# say hi..



## TIGER (Nov 19, 2003)

Hello, just wanna say hello to all of u guys (girls?)! btw is there any man here? i feel dat there are many girlish talk here :wink: but its ok. Members of this forum are very nice. Someday i'll send my Anggora pic named Aurell.
Hey, all of u came from american huh?


----------



## carealicious (Nov 2, 2003)

There are some men here....bean is one of them....

I am not a man, but, welcome anyway...


----------



## TIGER (Nov 19, 2003)

carealicious said:


> There are some men here....bean is one of them....
> 
> I am not a man, but, welcome anyway...


thx carealicious :wink: u're so nice. alicious, is dat da name of ur cat?


----------



## Aonir (Aug 18, 2003)

Welcome to CatForum! Im a girl and from America.. How'd you ever guess? lol I believe we have people from different countries though. I know my other forums do!


----------



## TIGER (Nov 19, 2003)

Aonir said:


> Welcome to CatForum! Im a girl and from America.. How'd you ever guess? lol I believe we have people from different countries though. I know my other forums do!

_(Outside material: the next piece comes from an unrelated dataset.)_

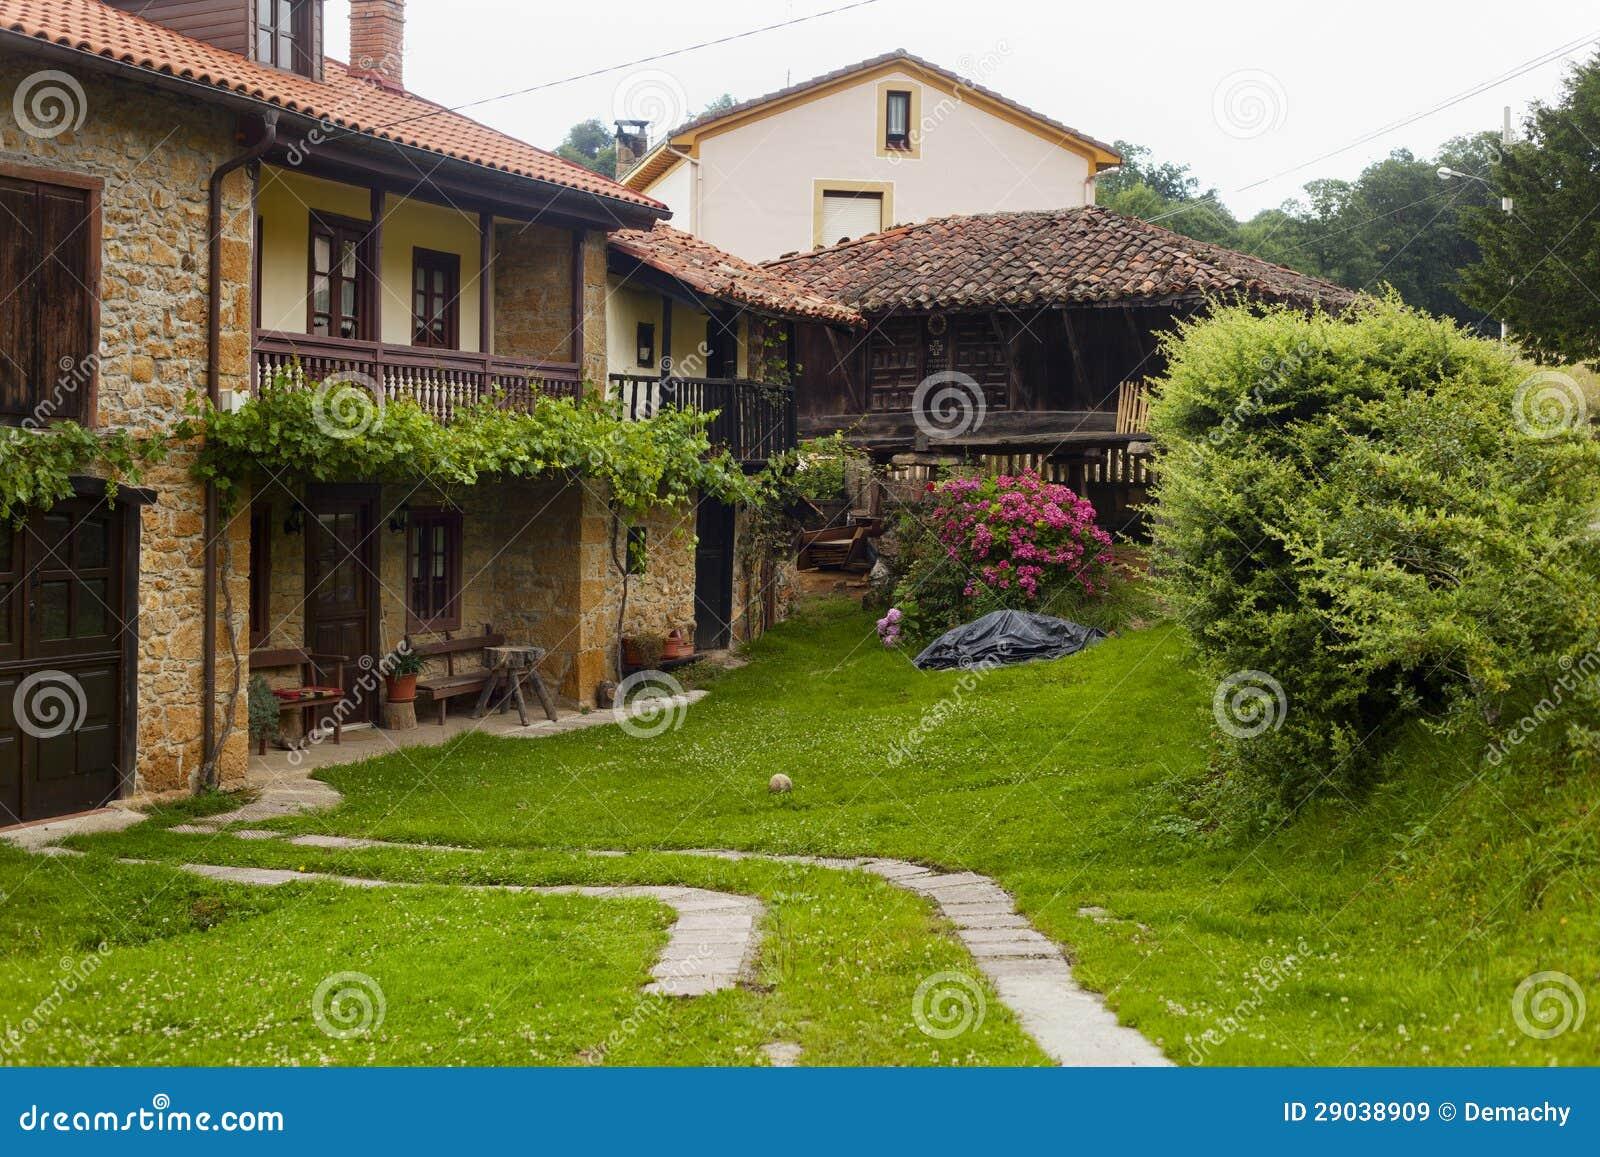 Casas de campo espanholas bonitas imagens de stock royalty - Casas de campo bonitas ...

Hi Aonir, how do u do? seems u're expert here :lol: :lol:


----------



## Aonir (Aug 18, 2003)

WoW! I just noticed I had all my KittyHeads!


----------



## kitkat (Sep 22, 2003)

Welcome to forum ,man, hehe another fellow girl here from the US. Look forward to seeing some pics of your cat soon :wink:


----------



## Ioana (Jul 12, 2003)

Welcome, TIGER - where are you from?
I am from Romania but am living in the USA


----------